2ヶ月ほど前、とある居酒屋の外でイタリア人の留学生と話をした。ヴェネチアから来た女の子で、美しい日本語を話す。日本の宗教を勉強中なのだという。仏教かと思いきや、神道であった。海外の人で神道に関心を持っている人は初めてであったし、新鮮な驚きだった。彼女は、仏教という新しい外来の宗教を受容した後も、古代の自然崇拝である神道が今なお日本に残っていることに純粋に驚き、探求したくなったのだそうだ。日本人の自分としては、日本で仏教が神道とともに争いなく共存していることにほとんど疑問を感じない。寺院のとなりに神社があっても、それは自然な風景の一部として難なくとらえることができる。それは何故だろうか。日本人の素直さ-あるがままにすべてを受け入れる-こころがそうさせていると言ってしまえばそこまでだが、そこには日本人の精神性や民族的気質といったものが背後にはたらいていることは疑い得ない。カミも仏も、日本人には「ありがたい」存在なのだ。このありがたいという言葉は、英語に翻訳不可能である。すくなくとも今の私には。かくして古代の信仰である神道は今日もなお命脈を保っている。

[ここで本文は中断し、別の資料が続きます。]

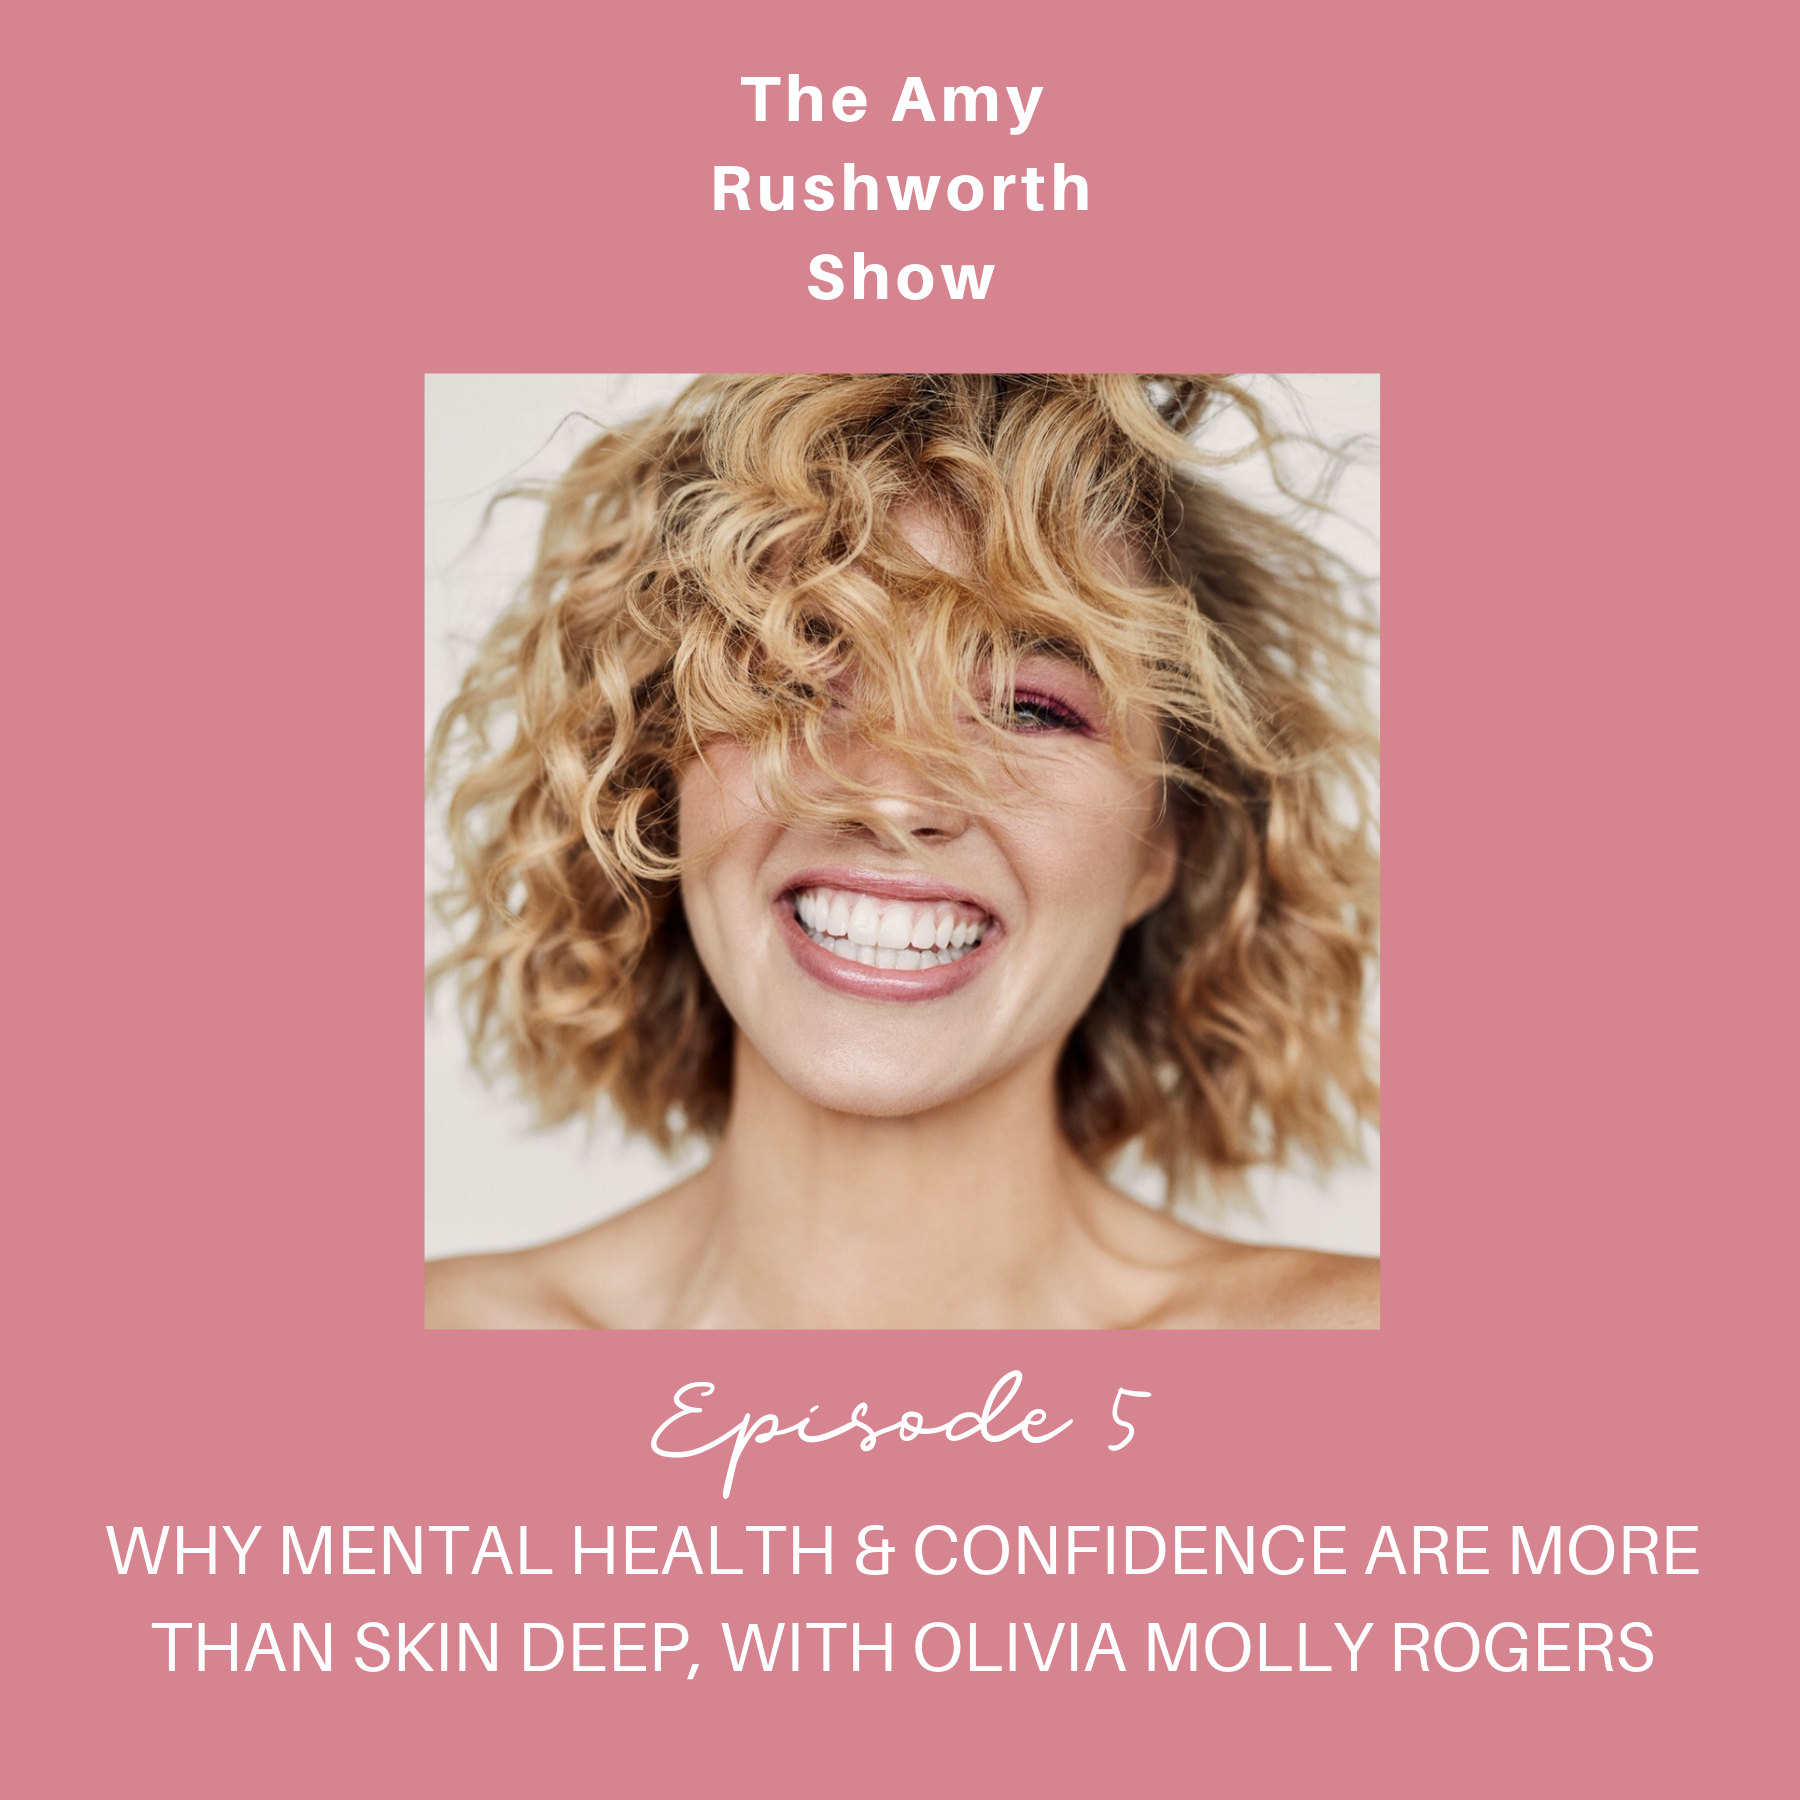 Episode 5: Why Mental Health & Confidence Are More Than Skip Deep with Olivia Molly Rogers

ところがイタリアでは、キリスト教という一神教がやってきて以来、古代の自然宗教はほぼ完全に消え去ってしまった。石や、水や、風や、木が神(spirit)であった時代は過去のものとなり、天にいます絶対者としての神(deus)が一切の力のみなもととなり、また一切の帰結していく存在となった。なぜ、ヨーロッパにおいて汎神教は消えていったのだろう。
この愉しい対話から得るものは多かった。彼女の瞳は、彼女の故郷に流れるヴェネチア川の水のように碧く澄んでいた。ほの暗い杉の森のただ中に、青い光を受けながら、こつぜんと姿を現す古さびた鳥居を見たとき、いったいどのような顔をしたのだろうか。